## EXERCISE AIM
Only lines, not pictures: please repeat exactly the lines from the one with "Ω Seamaster Professional" through the end of the listing.

+++ SUPPLIED INFORMATION

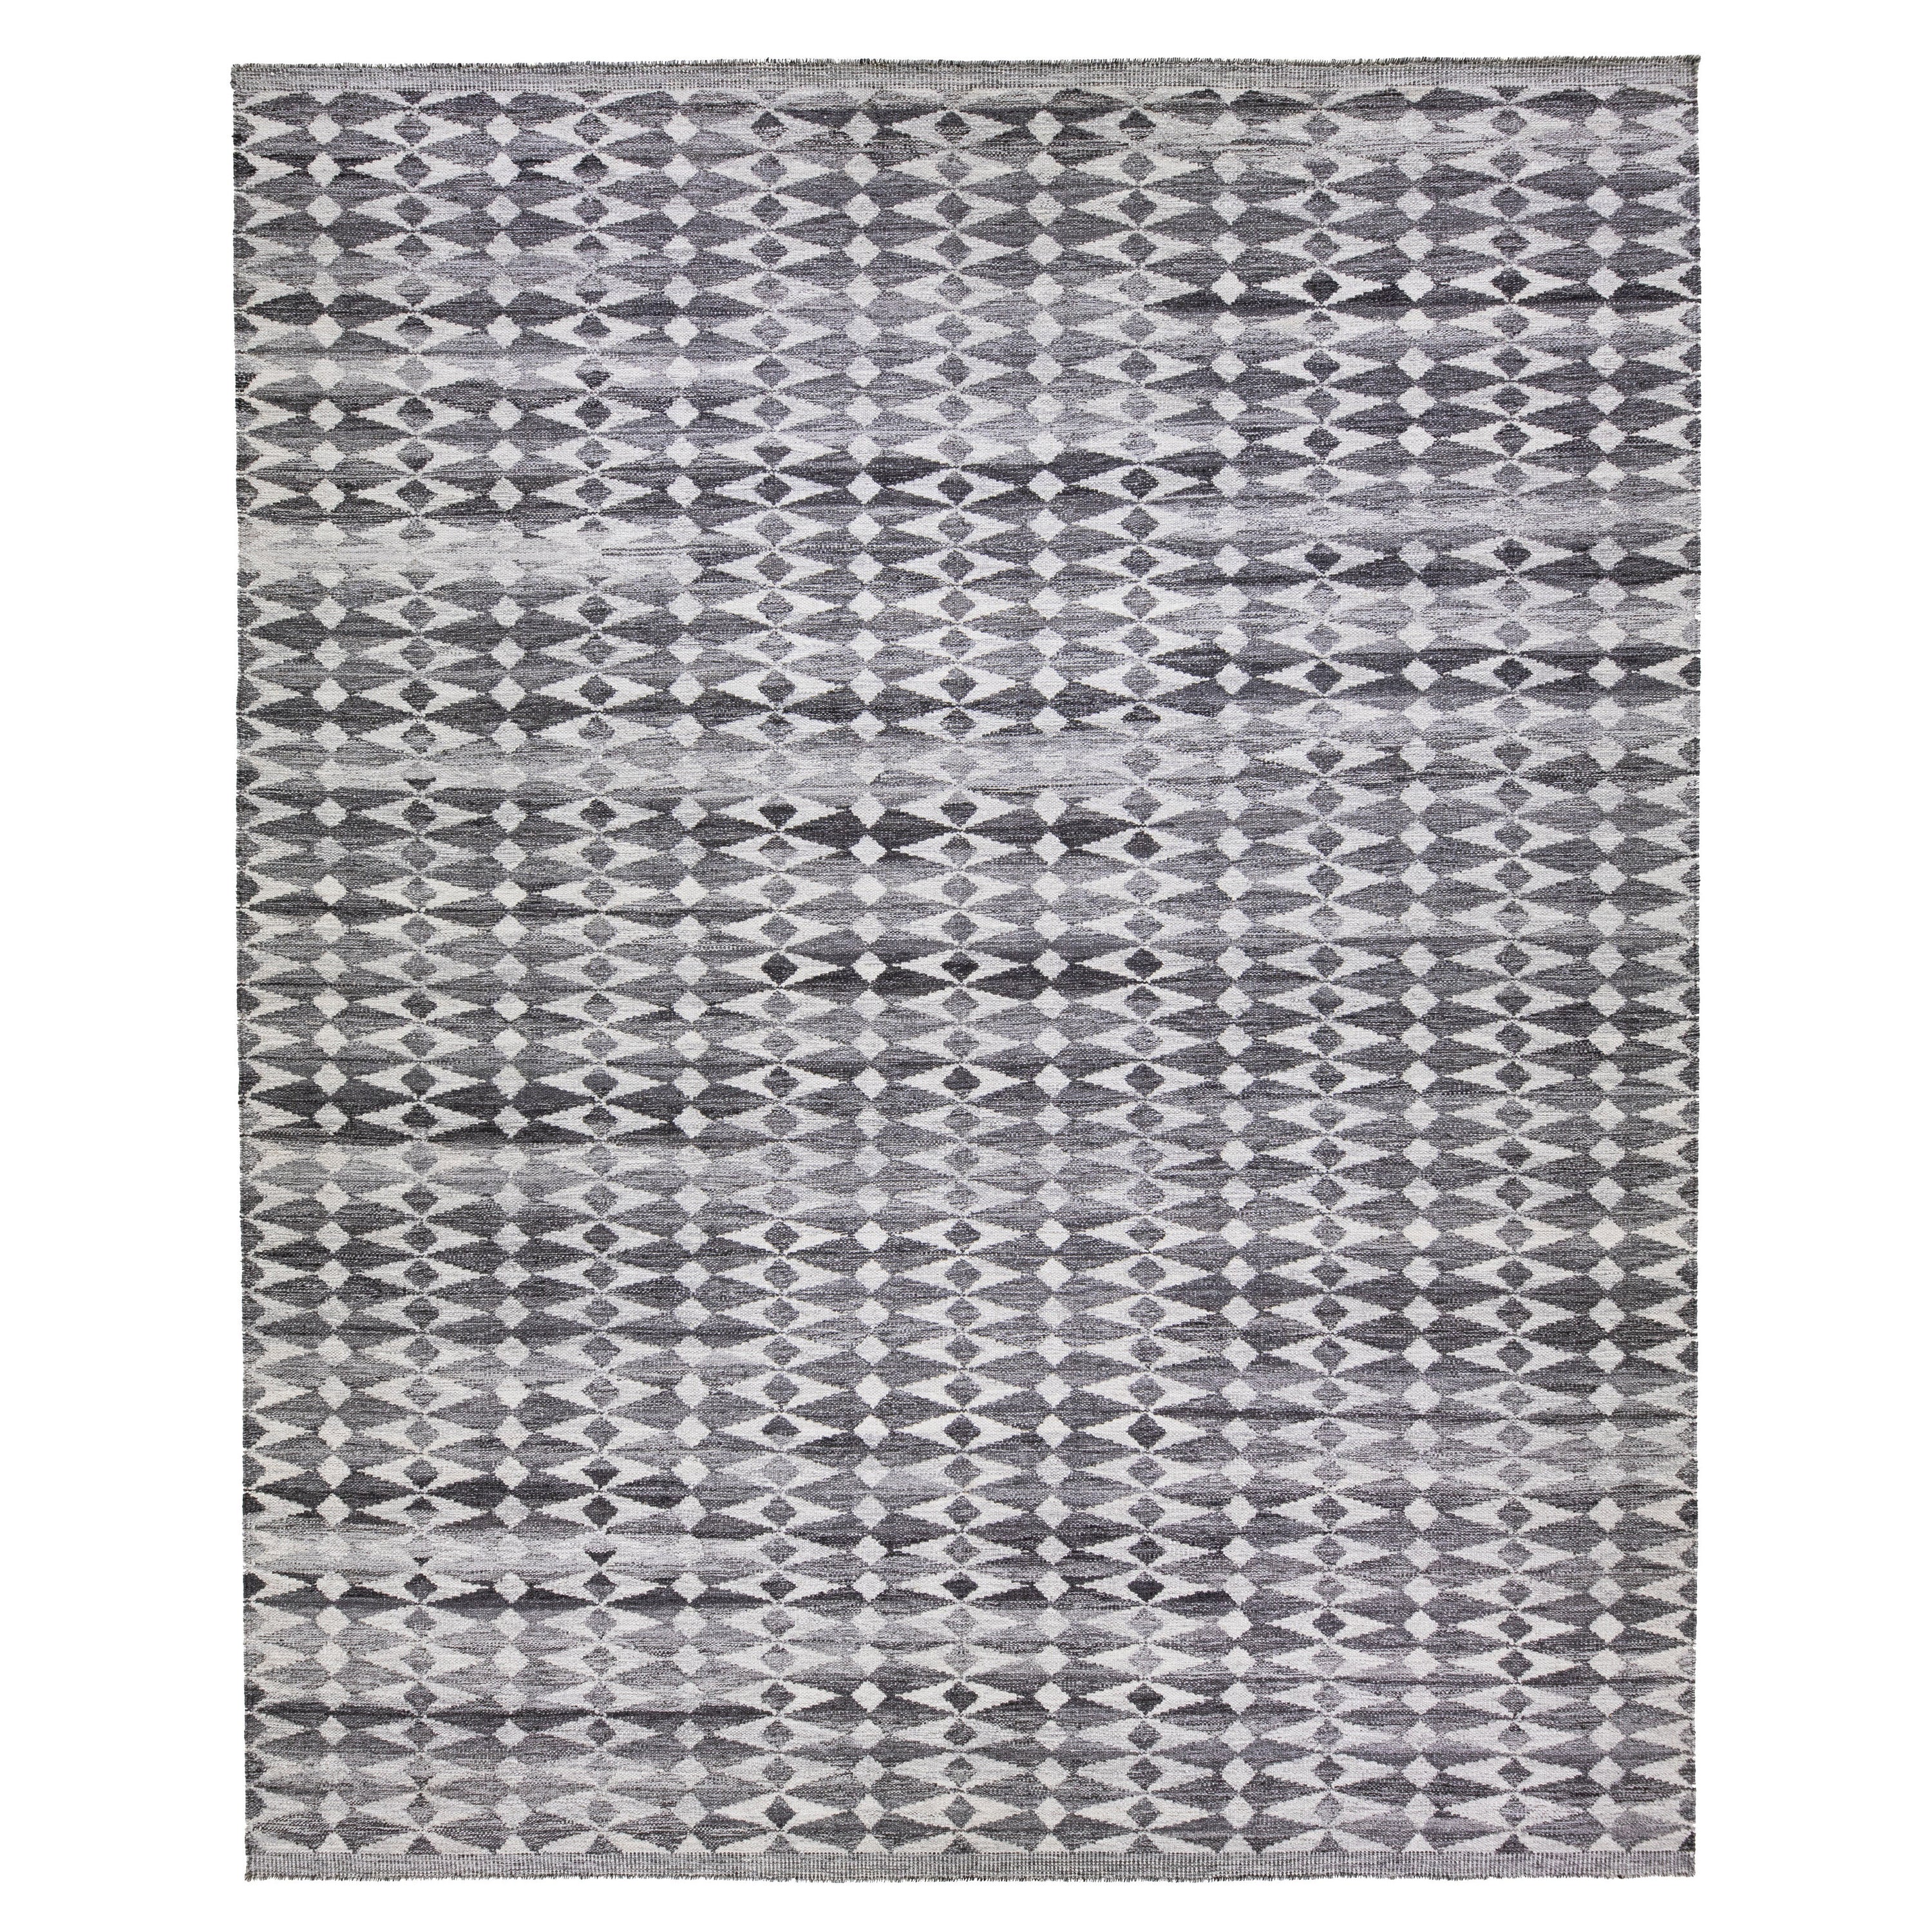 Handgefertigter übergroßer grauer Wollteppich im modernen schwedischen Stil mit geometrischem Muster
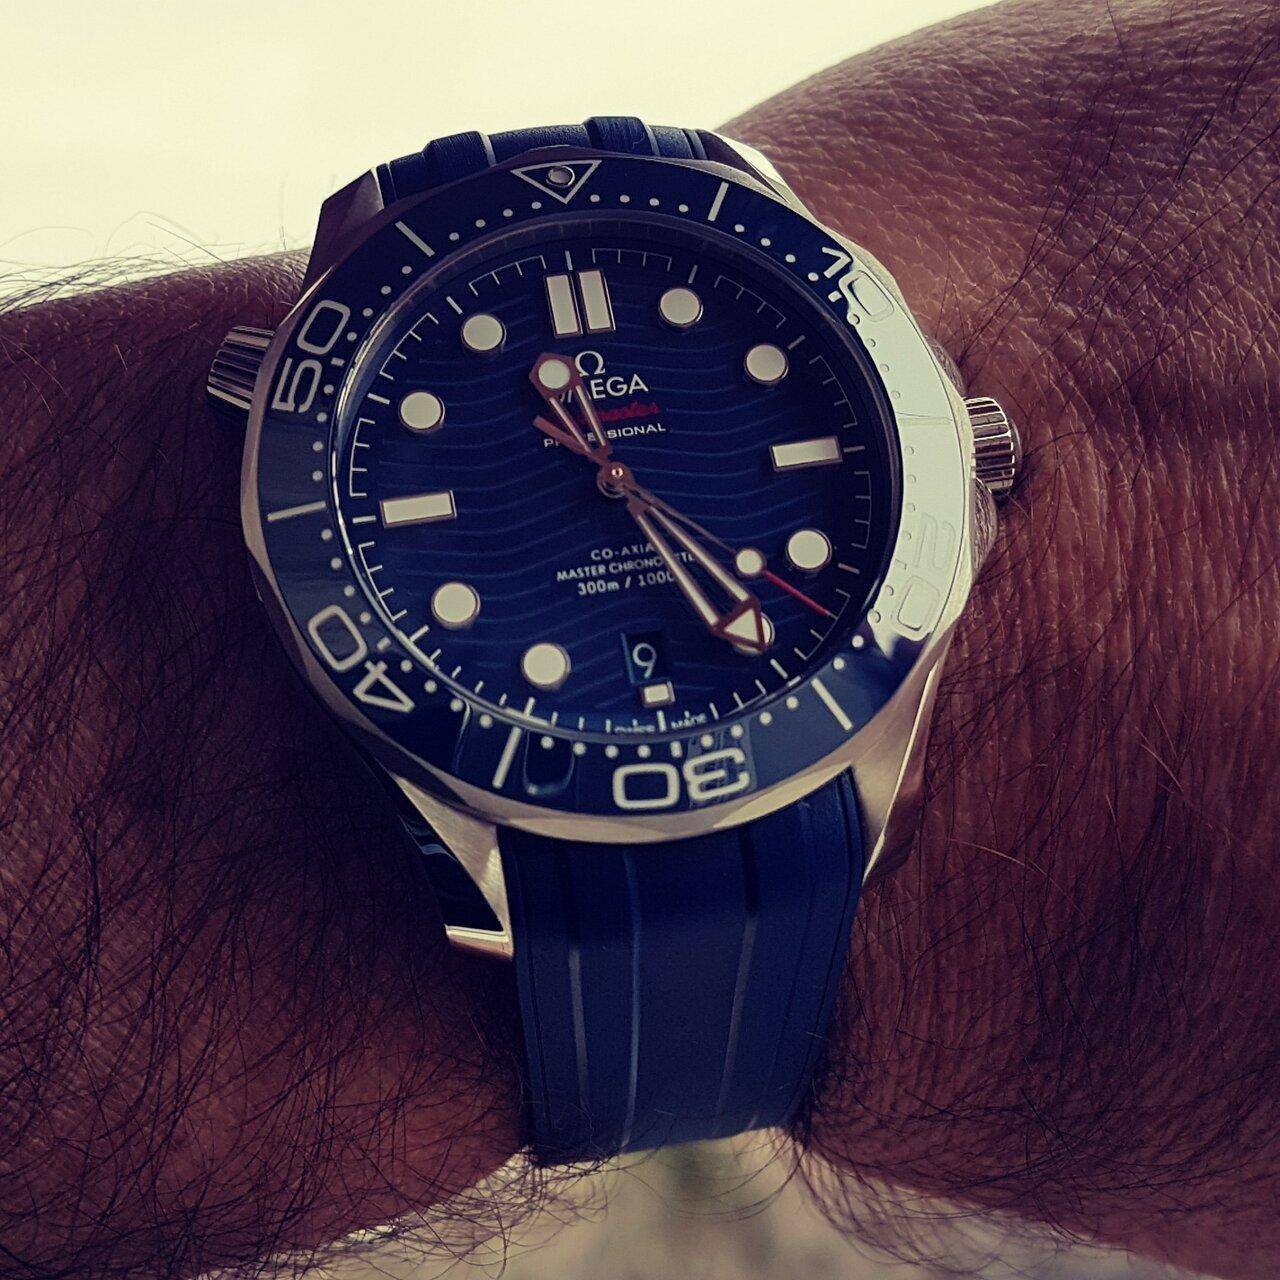 Ω Seamaster Professional Diver 300M Co-Axial Master Chronometer 42mm Cal. 8800 Blue (2).jpg
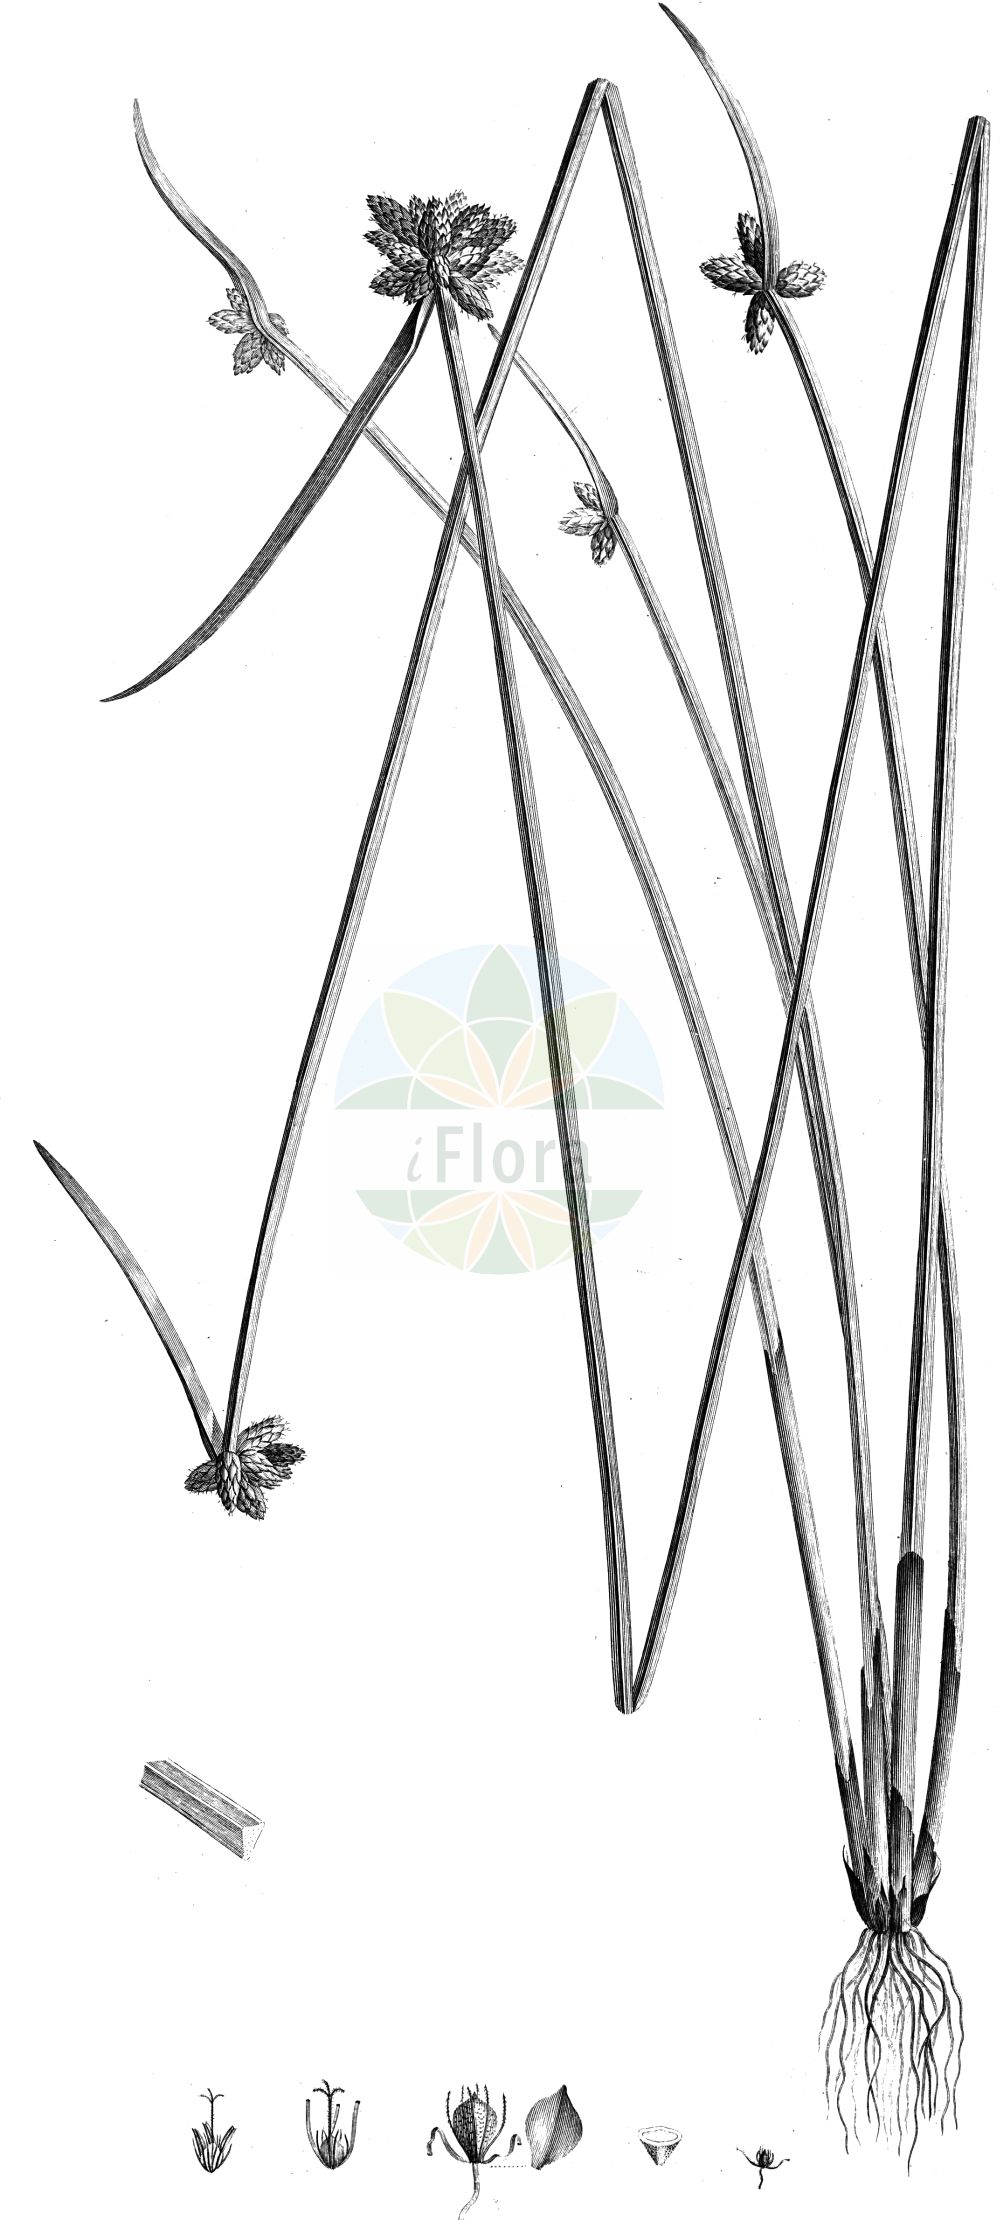 Historische Abbildung von Schoenoplectus mucronatus (Stachelspitzige Teichsimse - Rice-field Bulrush). Das Bild zeigt Blatt, Bluete, Frucht und Same. ---- Historical Drawing of Schoenoplectus mucronatus (Stachelspitzige Teichsimse - Rice-field Bulrush). The image is showing leaf, flower, fruit and seed.(Schoenoplectus mucronatus,Stachelspitzige Teichsimse,Rice-field Bulrush,Schoenoplectus mucronatus,Scirpus mucronatus,Stachelspitzige Teichsimse,Stachelige Teichbinse,Rice-field Bulrush,Bog Bulrush,Rough-seed Bulrush,Rough-seed Clubrush,Schoenoplectus,Teichsimse,Bulrush,Cyperaceae,Sauergräser,Sedge family,Blatt,Bluete,Frucht,Same,leaf,flower,fruit,seed,Raffeneau-Delile (1813))

++++++

## TASK RESULT
 Ω Seamaster Professional Diver 300M Co-Axial Master Chronometer 42mm Cal. 8800 Blue (2).jpg
 Historische Abbildung von Schoenoplectus mucronatus (Stachelspitzige Teichsimse - Rice-field Bulrush). Das Bild zeigt Blatt, Bluete, Frucht und Same. ---- Historical Drawing of Schoenoplectus mucronatus (Stachelspitzige Teichsimse - Rice-field Bulrush). The image is showing leaf, flower, fruit and seed.(Schoenoplectus mucronatus,Stachelspitzige Teichsimse,Rice-field Bulrush,Schoenoplectus mucronatus,Scirpus mucronatus,Stachelspitzige Teichsimse,Stachelige Teichbinse,Rice-field Bulrush,Bog Bulrush,Rough-seed Bulrush,Rough-seed Clubrush,Schoenoplectus,Teichsimse,Bulrush,Cyperaceae,Sauergräser,Sedge family,Blatt,Bluete,Frucht,Same,leaf,flower,fruit,seed,Raffeneau-Delile (1813))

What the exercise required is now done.